Если тебя сколько-нибудь интересует судьба столь презренного негодяя, как Гримсби, могу только сказать, что от скверного он переходил к еще более худшему, все глубже увязал в пороке и подлости, делил общество лишь с самыми сомнительными членами своего клуба да с подонками и осадками человечества (к счастью для остального мира) и нашел свой конец в пьяной ссоре от руки, как говорили, такого же негодяя, поймавшего его на шулерстве.

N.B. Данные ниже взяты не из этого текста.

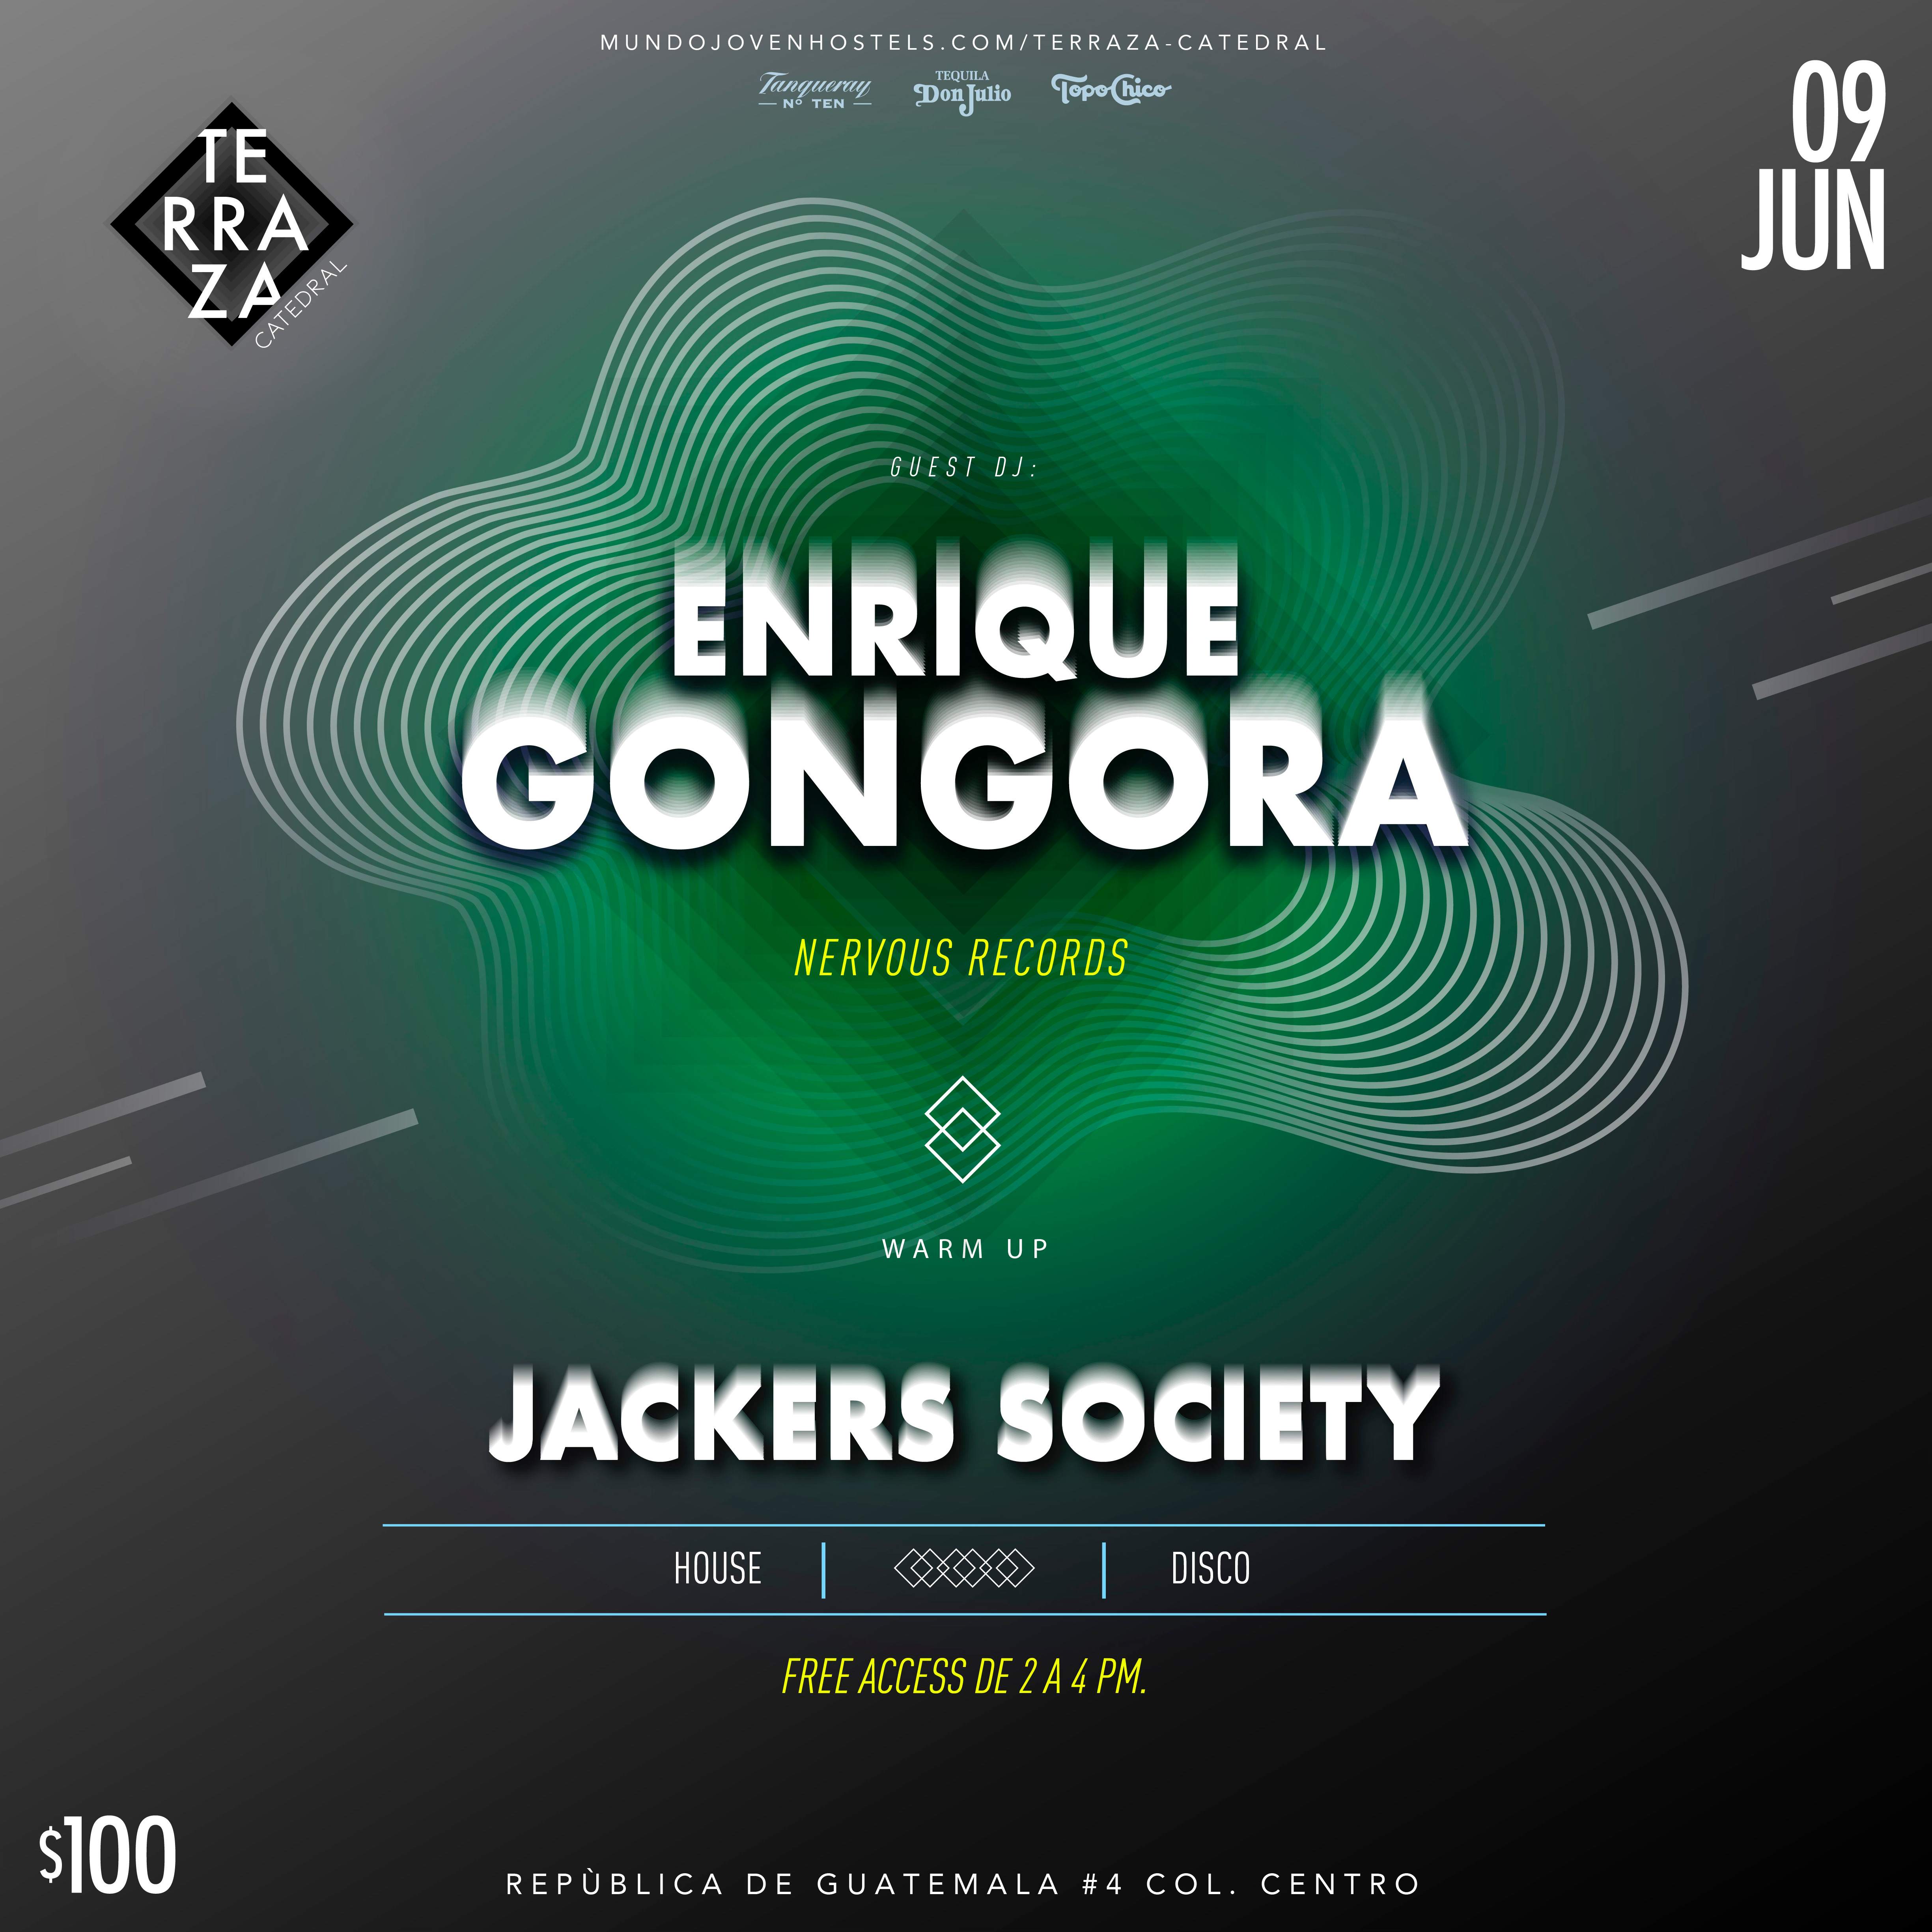 Enrique Góngora + Jackers Society - Página frontal

Что до мистера Хэттерсли, он не оставил своего решения «выйти из среды их» и вести себя, как подобает христианину и отцу семейства, а болезнь и смерть его приятеля и былого веселого собутыльника Хантингдона настолько наглядно показали ему всю губительность их прежних привычек, что второго такого урока не понадобилось. Избегая столичных соблазнов, он прочно обосновался у себя в имении и посвящал свое время обычным занятиям деятельного, полного сил помещика, к которым добавил разведение породистых лошадей и скота. Иногда он развлекался охотой и лисьей травлей в обществе друзей — более почтенных, чем прежние, и черпал немало радостей в обществе своей счастливой женушки (такой веселой и уверенной в себе и в нем, как только можно пожелать), а также многочисленных крепких сыновей и цветущих дочек. Его отец, банкир, скончался несколько лет назад, оставив ему все свое состояние, после чего он обрел возможность дать полную волю своим вкусам, и вряд ли мне надо упоминать, что конный завод Ральфа Хэттерсли, эсквайра, славится своими лошадьми по всей стране.